In the autumn of 1842, Andrey Dostoevsky moved out of the apartment, and soon Dostoevsky’s neighbor became his friend, a budding medic, Alexey Rizenkampf. Patients came to Rizenkampf — mostly poor people. Dostoevsky talked with them a lot, and here the very Petersburg with its basements, attics, tenement houses began to reveal itself to him, which we will constantly see later in the writer’s prose. Here he understood what he would write about. Many years later, in one of his articles, he called all this “A Vision on the Neva.”

“And then another story appeared to me — in some corners, some titular heart, honest, pure... and along with it some girl, insulted and sad, and their whole story deeply tore my heart apart.” This is Makar Devushkin and Varenka Dobroselova. Here Dostoevsky wrote the novel “Poor Folk”...

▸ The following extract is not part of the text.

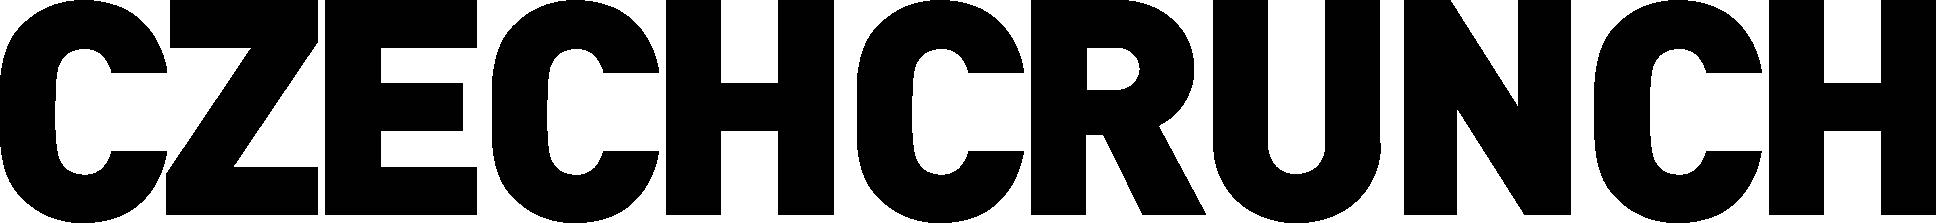 logo-czechcrubgbgbnch

Dostoevsky lived in Pryanishnikov’s house from February–March 1842 until the end of 1845 or even the beginning of 1846. In 1971, a memorial plaque was installed on the house with the following text: “In this house from 1842 to 1845 lived Fyodor Mikhailovich Dostoevsky. Here he wrote the novel ‘Poor Folk.’”


A serious difficulty arises from the memoir testimony of Rizenkampf (known from Miller’s record): Dostoevsky “rented an apartment on Vladimirskaya in the house of the post director Pryanishnikov; Fyodor Mikhailovich liked the landlord very much — a well-known art lover, gentle, courteous, who never disturbed him about payment.” Rizenkampf himself lived with Dostoevsky from September 1843 to March 1844 in the house at the corner of Grafsky Lane, which adds additional weight to his testimony. But according to directories of the 1840s, the owner of the said house was Collegiate Councillor Konstantin Yakovlevich Pryanishnikov, while the Petersburg post director and simultaneously director of the postal department was Privy Councillor Fyodor Ivanovich Pryanishnikov (who lived in the Main Post Office building), indeed known as a bibliophile and collector of works of art.

Not knowing this contradiction, local historians and biographers of the writer often “combine” the landlord of Dostoevsky and the mythical post director K.Ya. Pryanishnikov. It is unknown whether there were any family relations between Privy Councillor Fyodor Ivanovich and Collegiate Councillor Konstantin Yakovlevich Pryanishnikov. Did the house somehow pass in the second half of the 1840s from the former to the latter? (Such an assumption would resolve the problem.) Did K.Ya. Pryanishnikov manage the house by proxy for his high-ranking namesake? Alas! The state of sources today does not allow us to offer even a hypothetical satisfactory resolution to this problem.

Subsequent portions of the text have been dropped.